Once the solv file is written and loaded again, the memory usage is quite small as the changelog author/text is put into the "paged" part of the solv file ("vertical data") and thus not read in.

Oh... would that be a reason to reload cache data immediately after writing? Does it somehow reduce the memory footprint (even though the data were already loaded to the same pool)?

I've removed the reloading in libdnf 5 because I saw no purpose to it and it had a lackluster comment that didn't really explain it.

What does the "paged" part of the solv file (vertical data) mean? Is it not read into memory?

mlschroe · 2022-03-23T12:15:12Z

The data is segmented into 32K pages and read on demand.

lukash · 2022-03-23T12:26:59Z

From the file? Does libsolv store the path and reopen the file if needed? Because we are passing an open FILE * which we then close. It's really unexpected libsolv does this, I would certainly assume I can delete the file after the FILE * is closed...

etoddallen · 2022-03-23T12:55:34Z

Hi. I submitted one of the original bugs to RHEL. I'd just like to point out that the huge XML file is the other.xml, not one of the primary ones. Specifically, it's the %changelog entries. For packages with huge, ancient %changelog's, if there are 20 copies of them, those ancient %changelogs entries are replicated 20x, which greatly bloats this file.

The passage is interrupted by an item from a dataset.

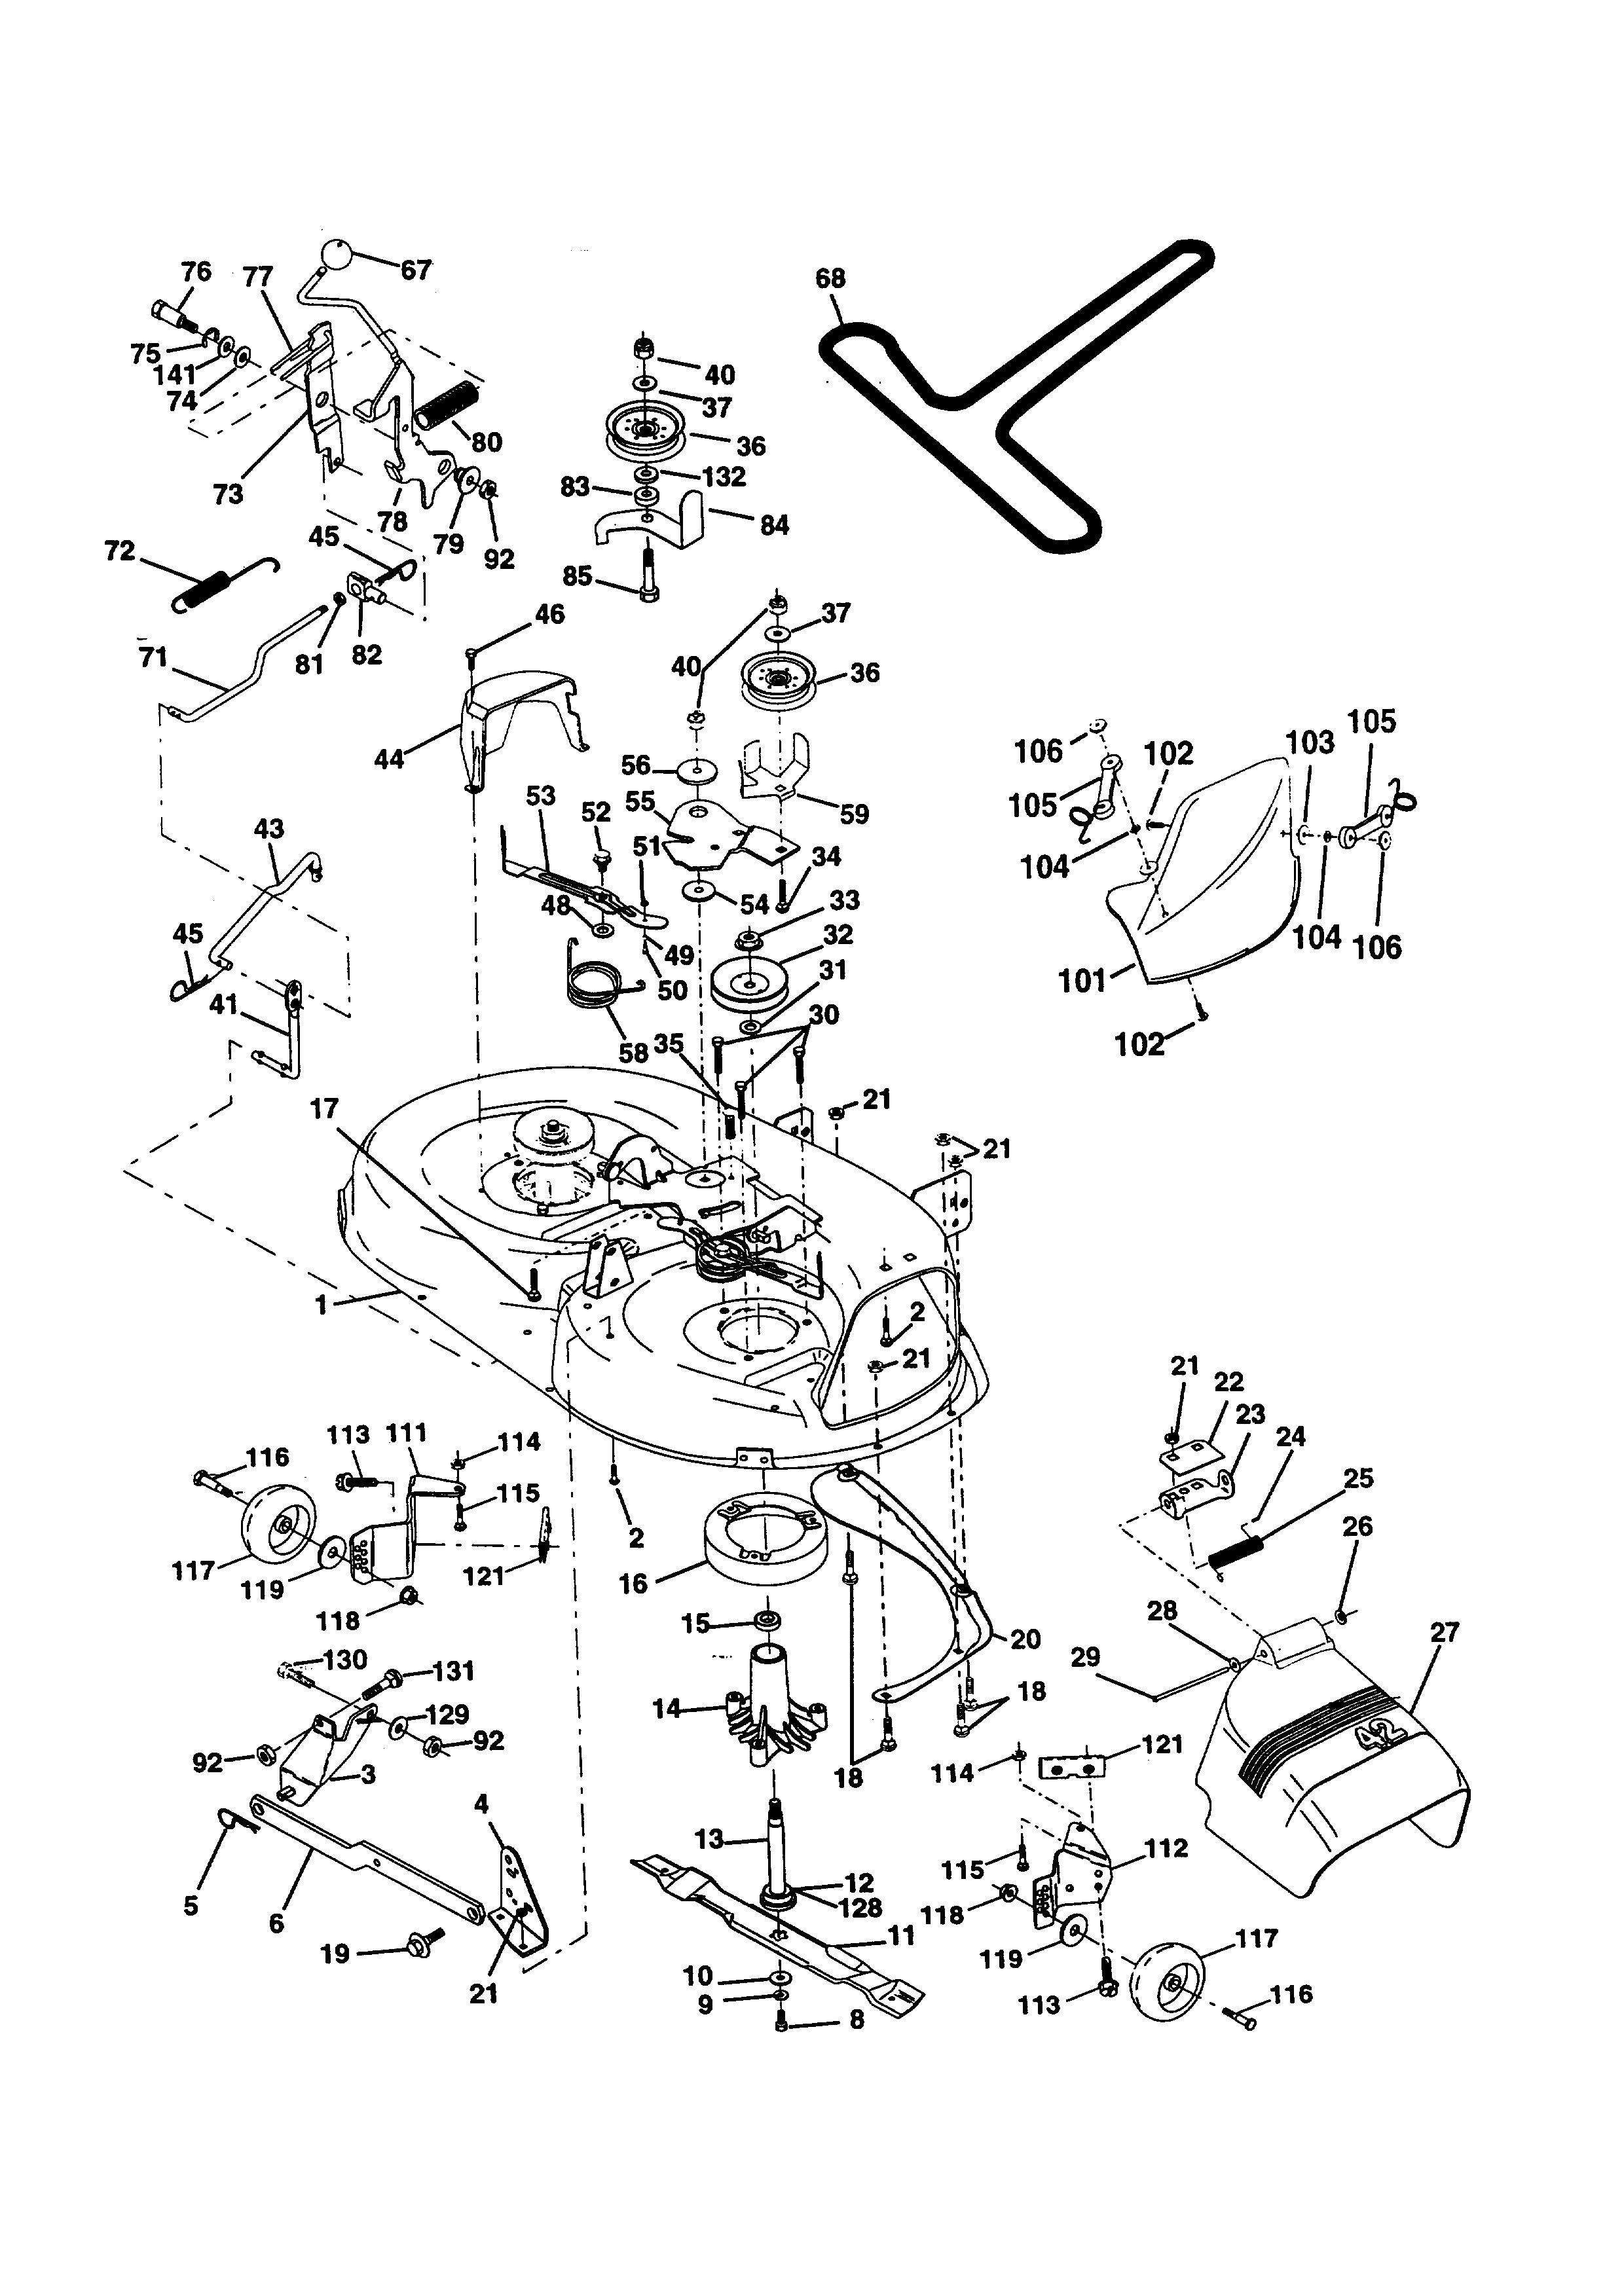 Lawn Mower Engine Diagram Rasenmher Zubehr 119 7845 Toro Kawasaki Diagrams Western Auto Model Ayp9187b89 Tractor Genuine Parts Of

Anyway, I would not expect this data to be crucial to solving package dependencies. So, for other.xml data and maybe also for filelists.xml data, a lazy loading approach might make sense.

etoddallen · 2022-03-23T12:56:35Z

Clarification: *...if the repo contains 20 different versions of these packages...

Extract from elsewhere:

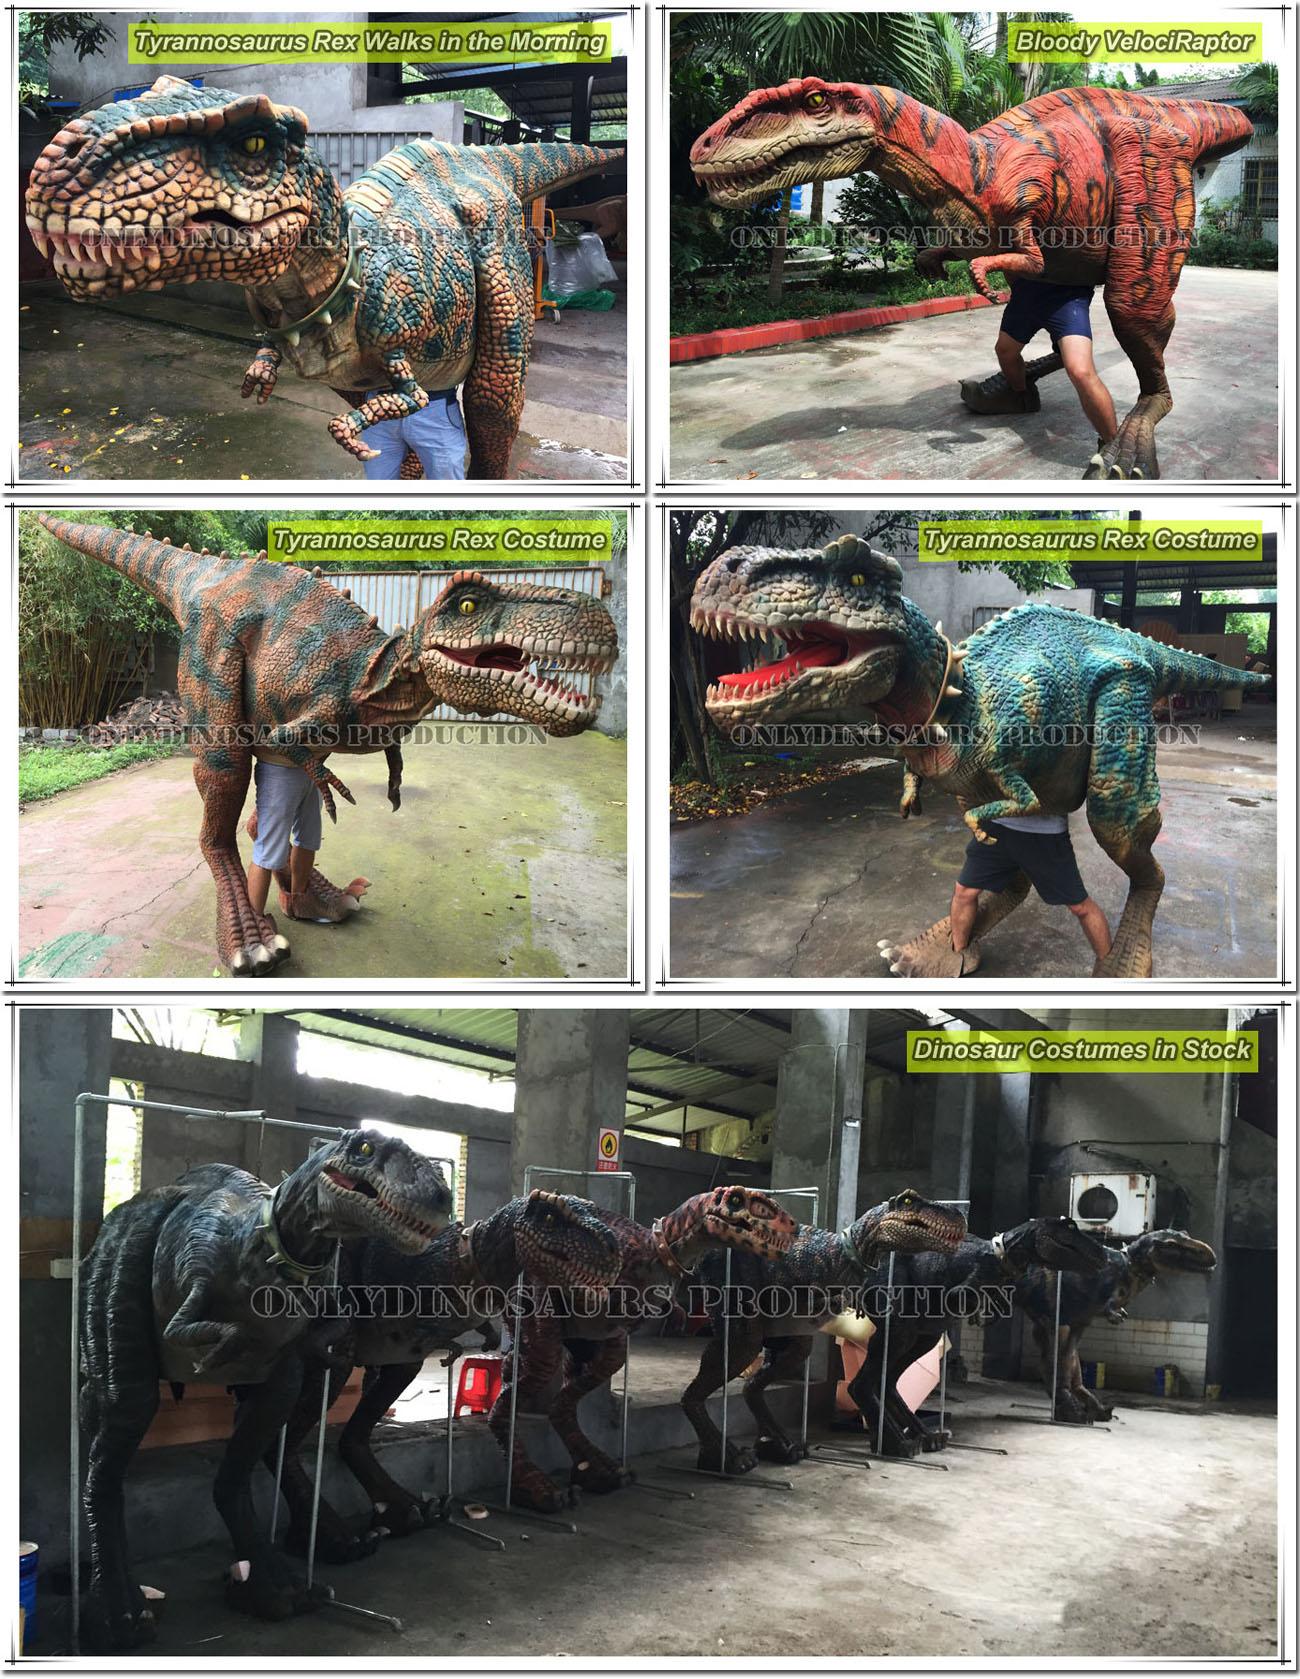 Dinosaur Costumes in Stock

kontura · 2022-03-24T08:36:31Z

If that >3GB repo public so that I can do some testing?

I don't think it is easily available, but I made a python script that should suffice: https://github.com/kontura/createrepo_dummy
If you generate the dummy repo with ~20000 pkgs it should be big enough, though it can take a quite while..

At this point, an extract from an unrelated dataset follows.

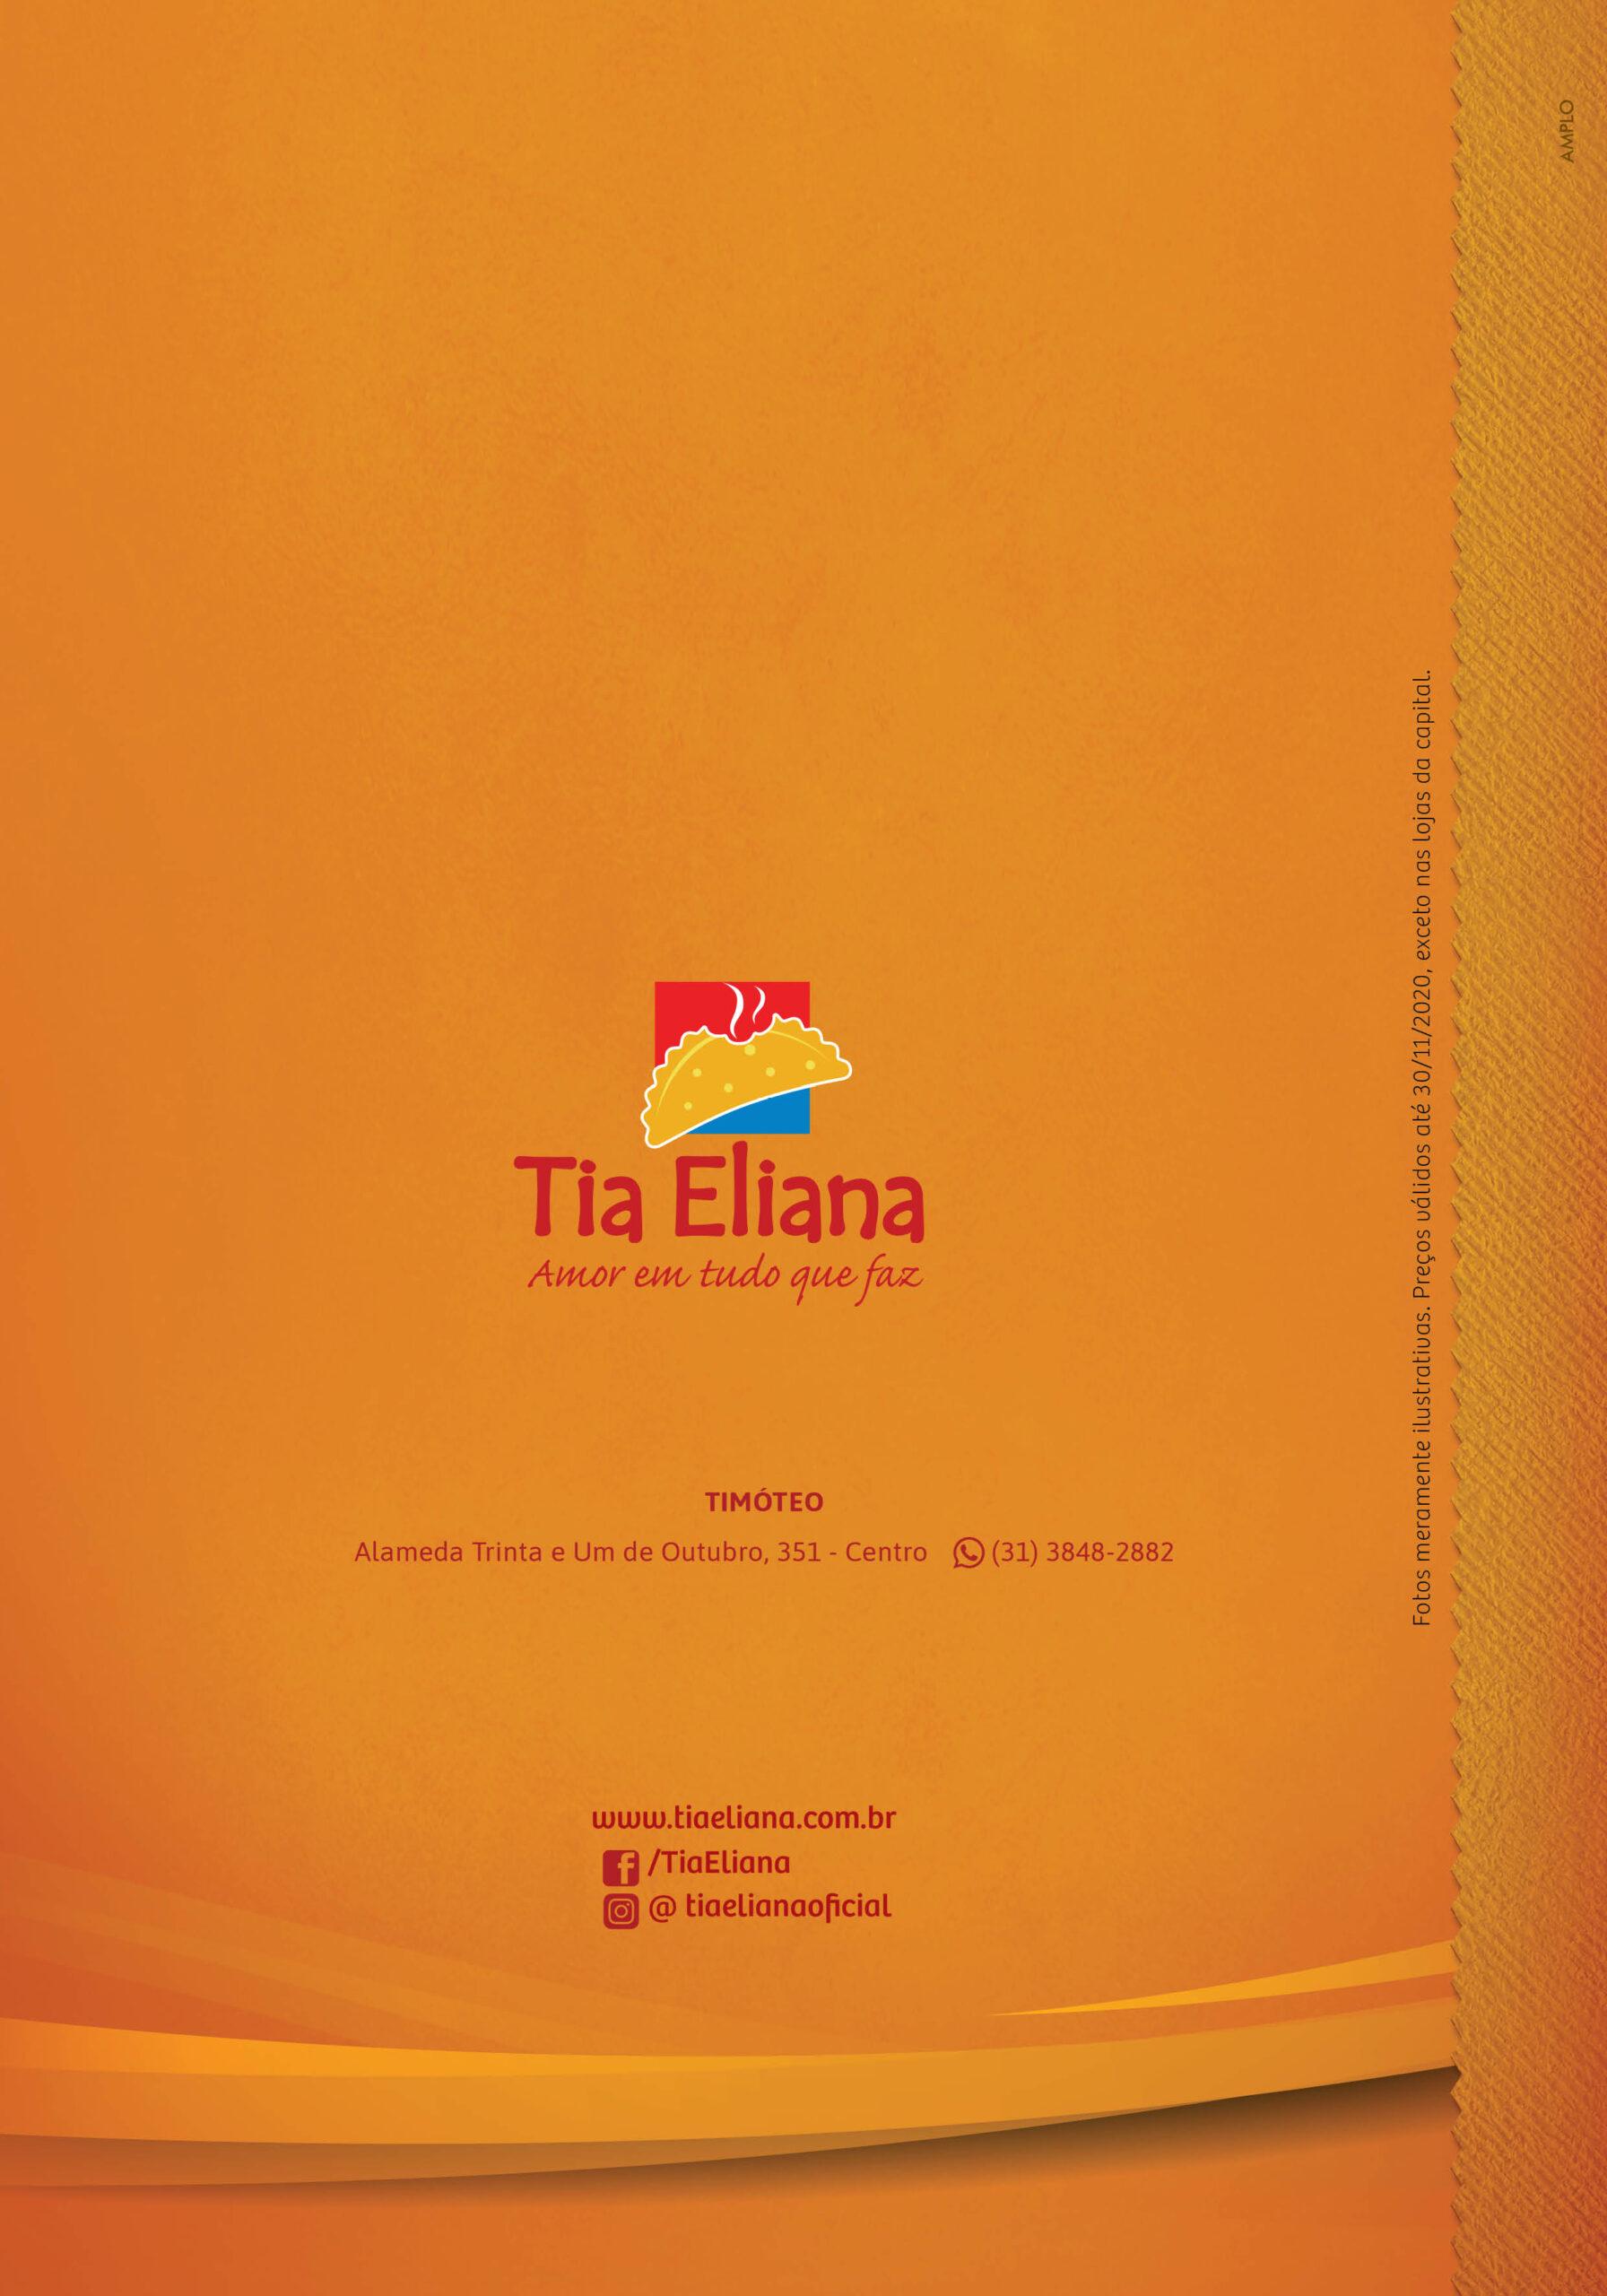 cardapio_completo_interior_a4_2021_tia_eliana_timoteo12-scaled Timóteo

mlschroe · 2022-03-24T08:46:16Z

Regarding the paging: repo_add_solv dup()s away the file descriptor and uses pread to read the pages.
You can delete the file, the data can still be accessed as long as the fd is open. (This is of course not true on windows.)

mlschroe · 2022-03-24T08:47:16Z

Regarding the lazy converting to a solv file: doesn't dnf do that already?

etoddallen · 2022-04-06T21:08:31Z

Regarding laziness: I was talking about a more fine-grained laziness, where dnf could request changelog or filelists data only for specific packages, so that it didn't need to load the entire other.xml or filelists.xml.

mlschroe · 2022-04-07T07:57:59Z

That would indeed be nice, but then we'd run in weird cases if the remote repo is changed and the files cannot be accessed anymore. So I think the default should be to do the download and do the solv file conversion on demand.

dralley · 2022-04-12T23:44:08Z

Hi. I submitted one of the original bugs to RHEL.

@etoddallen Please point me to that Bugzilla because I will gladly raise the volume on it. This has caused a multitude of problems for us.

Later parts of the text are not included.